Restate the listing below word for word; no pictures belong in the copy.

> [Collected material]:
>>>

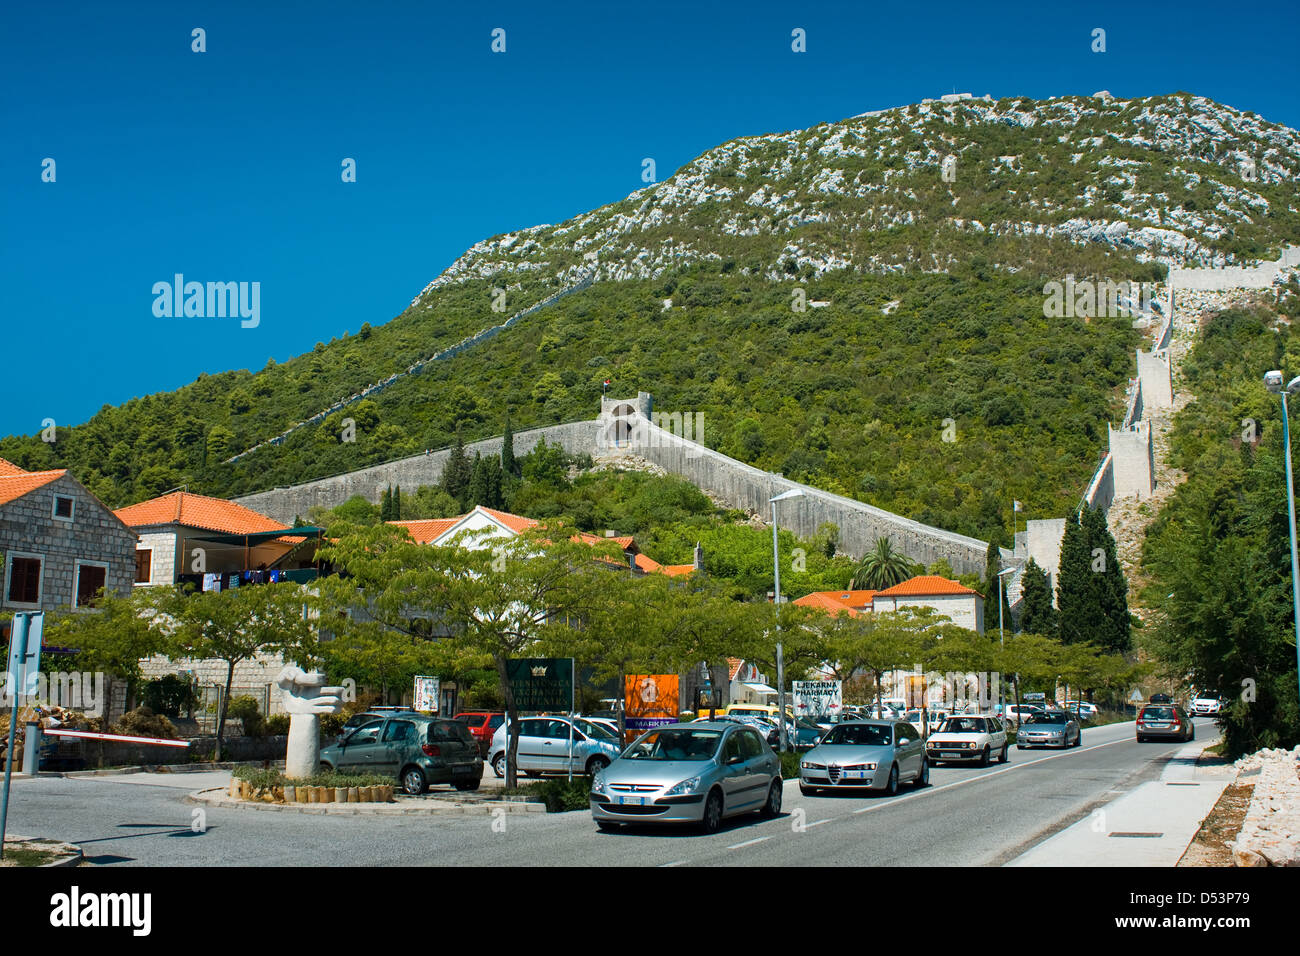 STON, Croazia - 16 agosto: storico muro in Ston, il 16 agosto 2012. Ston è una piccola cittadina situata vicino a Dubrovnik in Croazia. Foto Stock
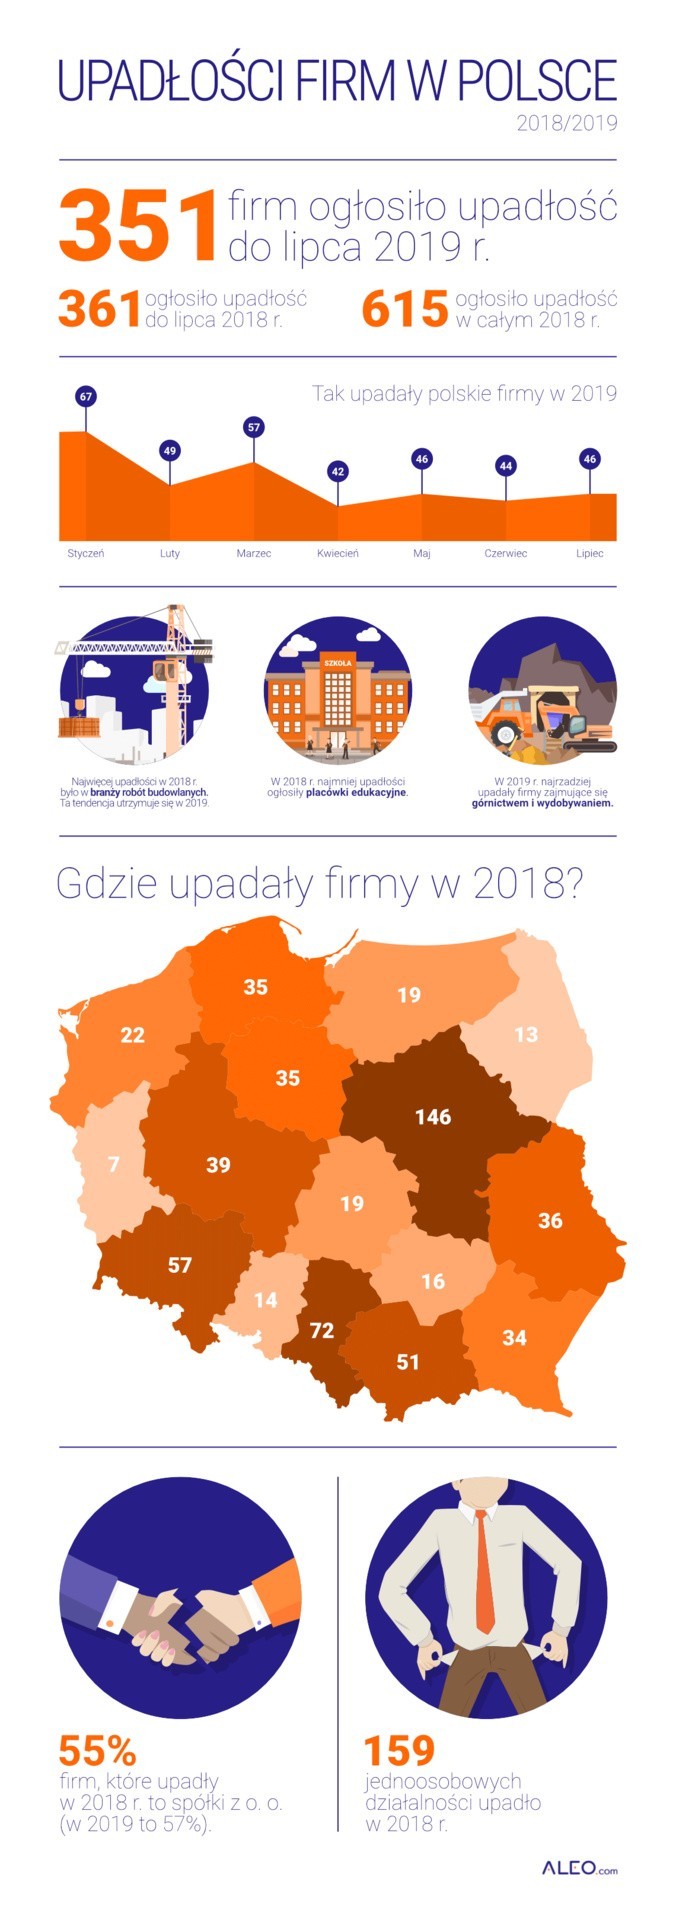 Raport upadłości firm w Polsce. Małopolska w czołówce, w zeszłym roku upadło 51 firm. Jakie są główne powody?
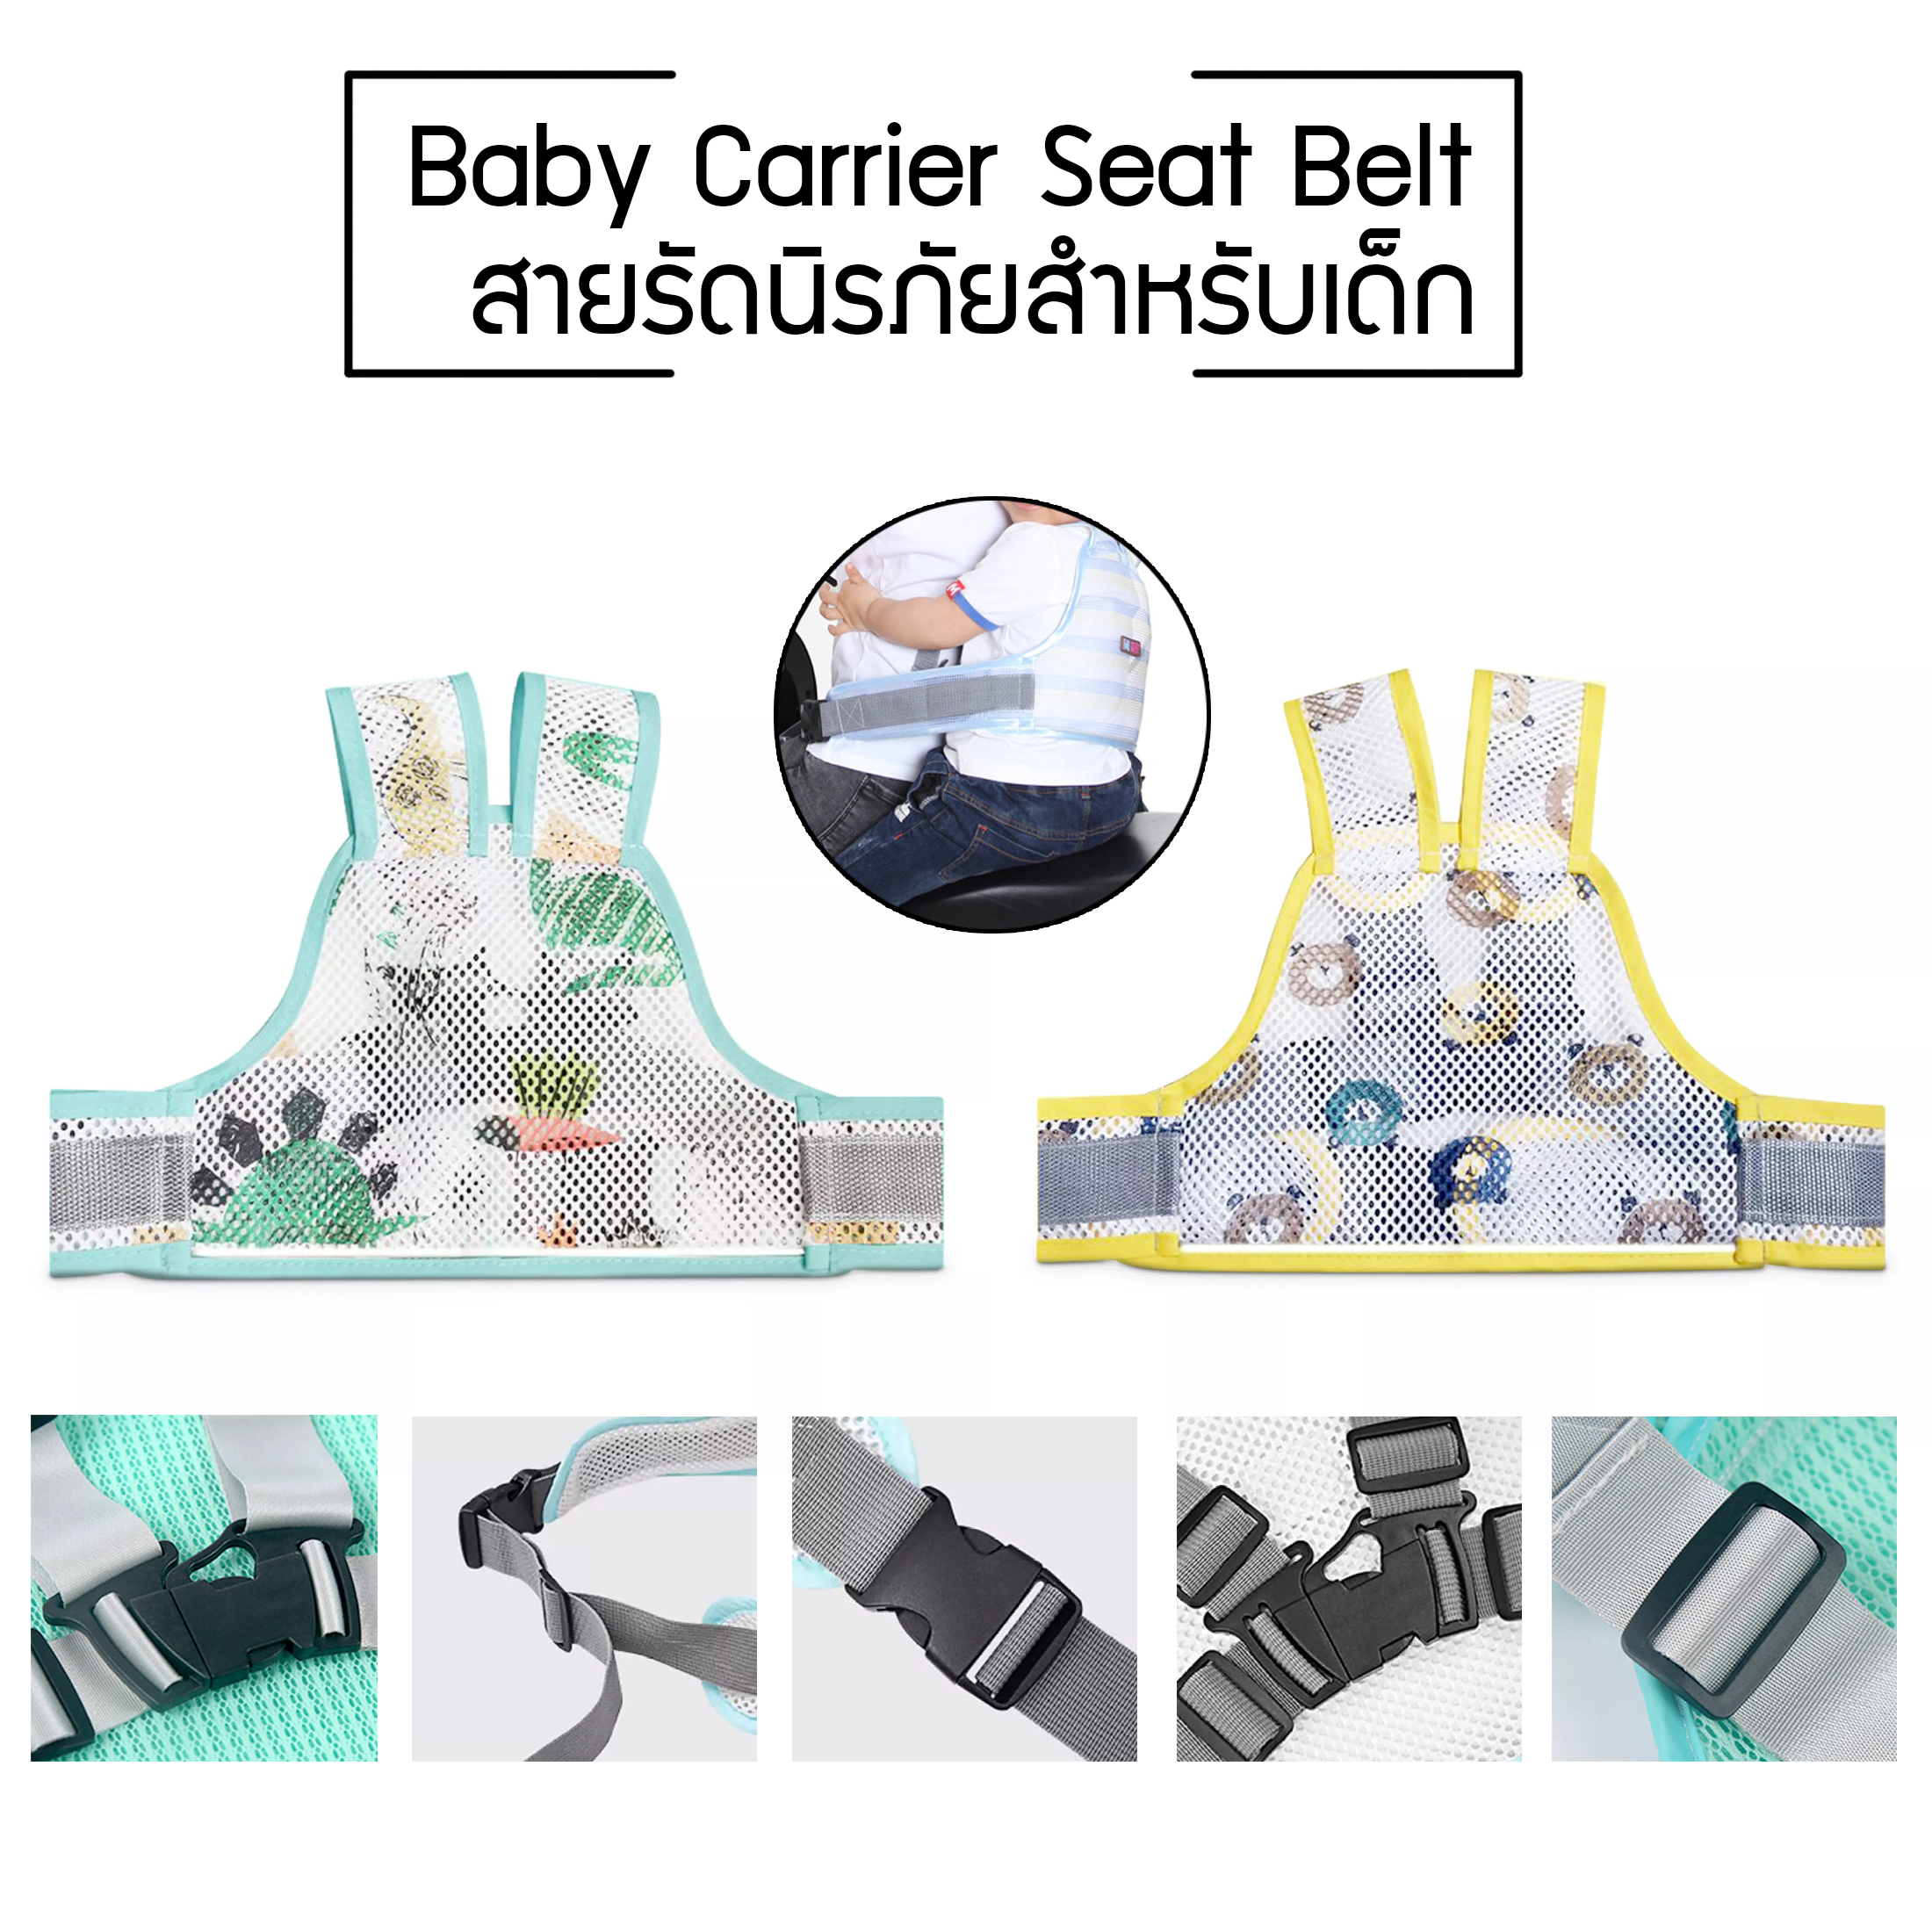 สายรัดนิรภัยเด็ก สำหรับเด็ก เข็มขัดนิรภัยเด็ก สายรัดเอวกันเด็กตก ป้องกันเด็กตกรถ เพื่อความปลอดภัย Baby Carrier Seat Belt ร้านOliver Bazaar
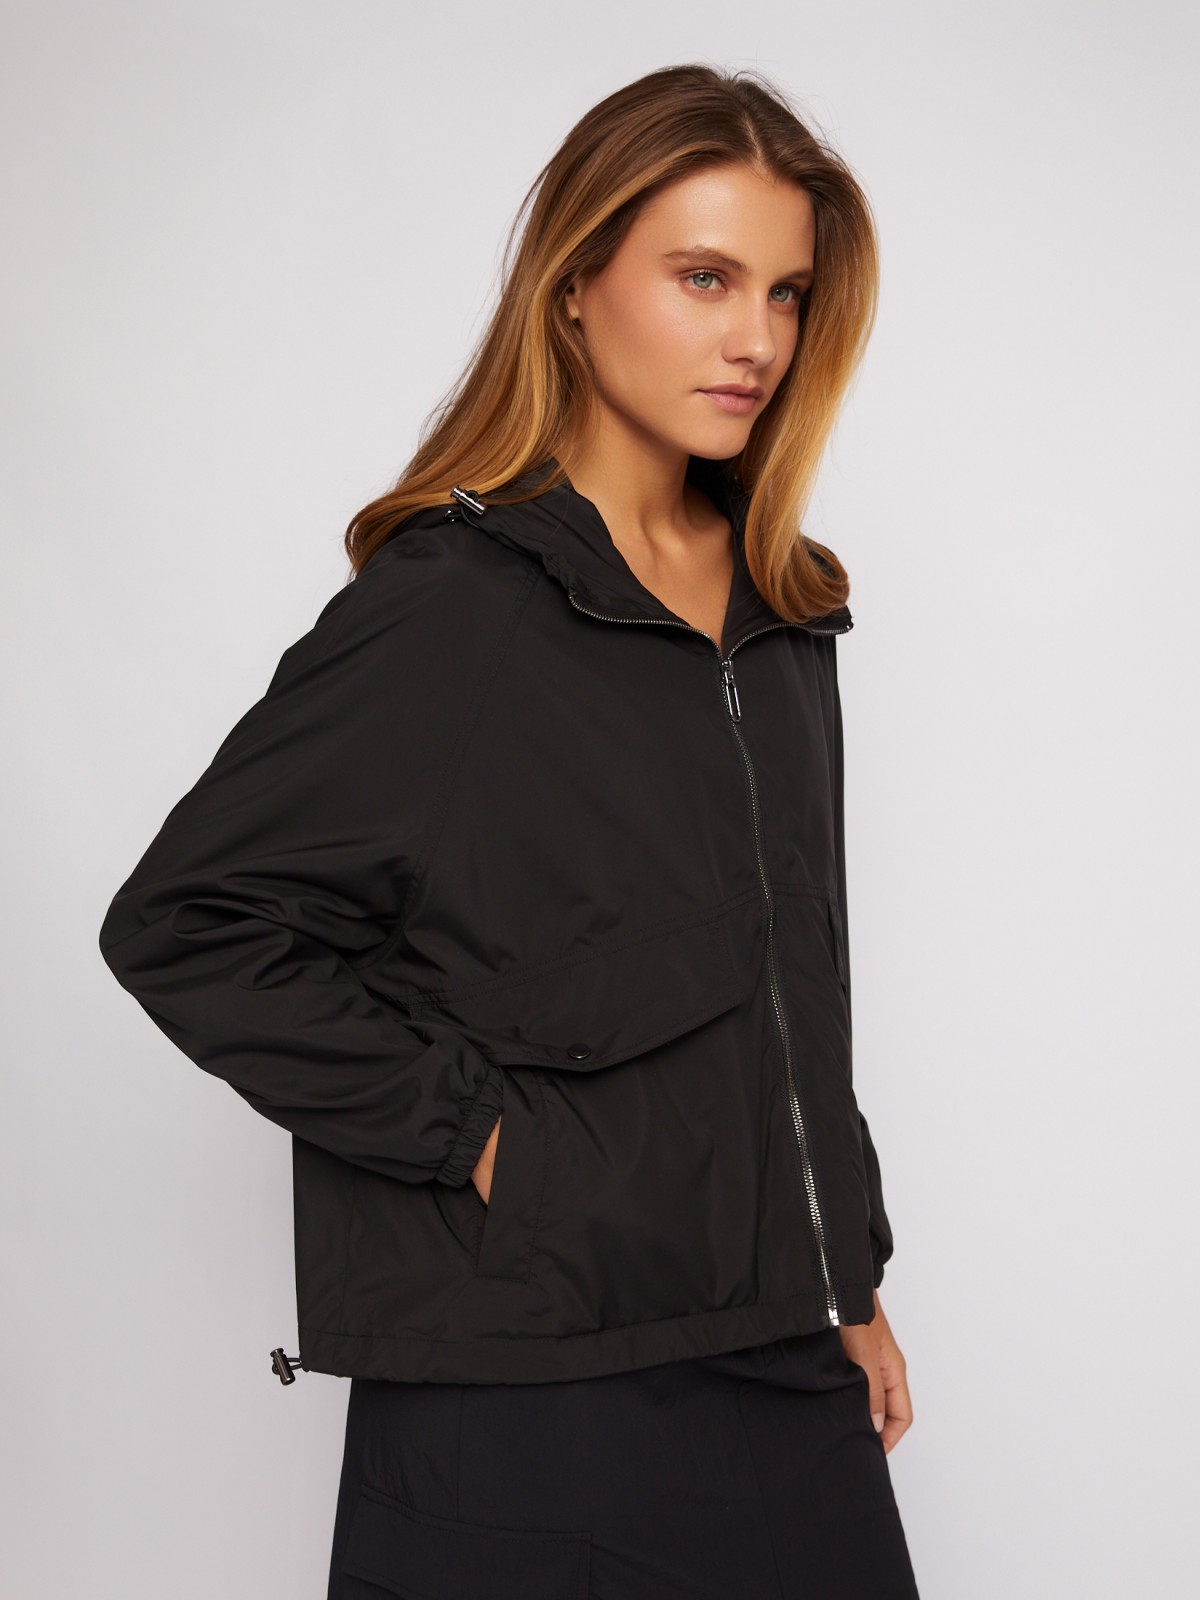 Куртка-ветровка с капюшоном в спортивном стиле zolla 024215612024, цвет черный, размер XS - фото 3

<<<

> [Written answer]:
 STON, Croazia - 16 agosto: storico muro in Ston, il 16 agosto 2012. Ston è una piccola cittadina situata vicino a Dubrovnik in Croazia. Foto Stock
 Raport upadłości firm w Polsce. Małopolska w czołówce, w zeszłym roku upadło 51 firm. Jakie są główne powody?
 สายรัดนิรภัยเด็ก สำหรับเด็ก เข็มขัดนิรภัยเด็ก สายรัดเอวกันเด็กตก ป้องกันเด็กตกรถ เพื่อความปลอดภัย Baby Carrier Seat Belt ร้านOliver Bazaar
 Куртка-ветровка с капюшоном в спортивном стиле zolla 024215612024, цвет черный, размер XS - фото 3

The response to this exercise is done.